Heer, toon Uw Barmhartigheid ook aan hen,
en zoals U mij hebt laten horen
laat hen zo ook horen;
en zoals U mij Uw Schoonheid hebt getoond
en mij verrukt hebt achtergelaten,
zo toon ook hun Uw Volmaaktheid. 

zij luisteren niet, ze luisteren alleen naar hun eigen stem, zelfs wanneer Mijn tranen voor hen stromen is er geen antwoord; Ik ben in alle richtingen gegaan om een weg te vinden om hun doofheid te doorbreken en hun te zeggen tot Mij te komen en hun sterkte op Mij te baseren, zodat Ik op Mijn beurt hen tot heiligheid leid en het hen mogelijk maak Mijn Licht te erven;

Ik ben de Heilige die zij zo gemeen verraden en Ik ben de eerste om hen te vergeven, als ze maar één moment spijt hadden … maar zolang zij vasthouden aan hun standpunt van zelfgenoegzaamheid, zullen zij Mij niet horen noch zullen zij in staat zijn te zien hoe Ik vandaag Mijn Heilig Gelaat volledig openbaar als nooit tevoren aan de gehele wereld;[11] Ik, de Heer, zal doorgaan  over je te schijnen, schepping, en Ik zal Mijn Licht over het aanschijn van deze aarde verspreiden; de zon die verduisterd is en de maan die haar glans[12] verloren heeft in jullie tijdperk, jullie in jullie duisternis tot geloofsafval leidend, weldra zal jullie leed geleden zijn;

het is Mijn bedoeling jullie moerasland[13] te veranderen in een tuin; de nacht in dag; jullie steden,[14] die nu slechts een puinhoop zijn, in steden van Licht; jullie gebroken altaren[15]  zullen worden herbouwd en van jullie tempels[16] zal Ik, met Mijn Eigen Hand, de fundamenten leggen; Ik zal de hele schepping nieuw maken;[17] Ik zal jullie allen vernieuwen met Mijn Heilige Geest­; kom, Vassula, Mijn lam, alles zal worden geschreven en zoals Ik wil dat het geschreven wordt;

de Liefde is aan je zijde; 



[1] Lees 2 Tess. 2:1-12.

[2] In onze zielen.

[3] Het binnenste van ons hart.

[4] Ez. 28:2; Jes. 14:14; 2 Tess. 2:4.

[5] 2 Tess. 2:4.

[6] Toespeling op Jes. 14:14: “Ik zal wedijveren met de Aller­hoogste”.
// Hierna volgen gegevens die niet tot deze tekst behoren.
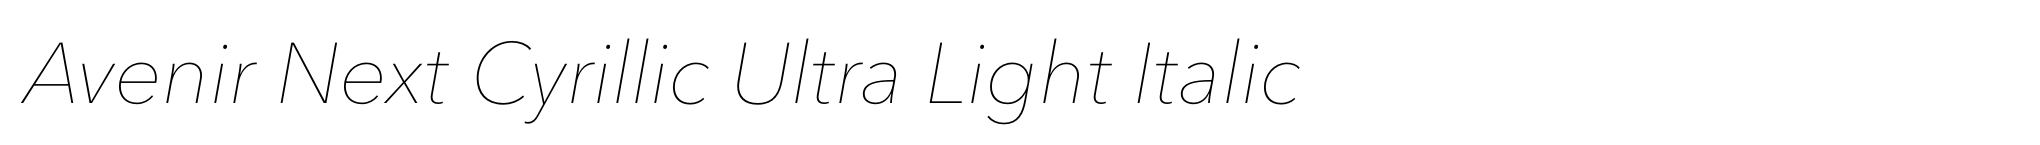 Avenir Next Cyrillic Ultra Light Italic image

[7] Toespeling op Ez. 28:2: “Ik zit op de troon van God”.

[8] 1 Joh. 5:8.

[9] Goddelijke openbaringen door schreiende afbeeldingen en beelden van Jezus en Maria.

[10] Luc. 19:39.

[11] Toespeling op Joël 3:1.

[12] Toespeling op Matt. 24:29.

[13] Ons.

[14] Ons.

[15] Wij.

[16] Van ons.

[17] Apok. 21:5.

[18] Apok. 11:3.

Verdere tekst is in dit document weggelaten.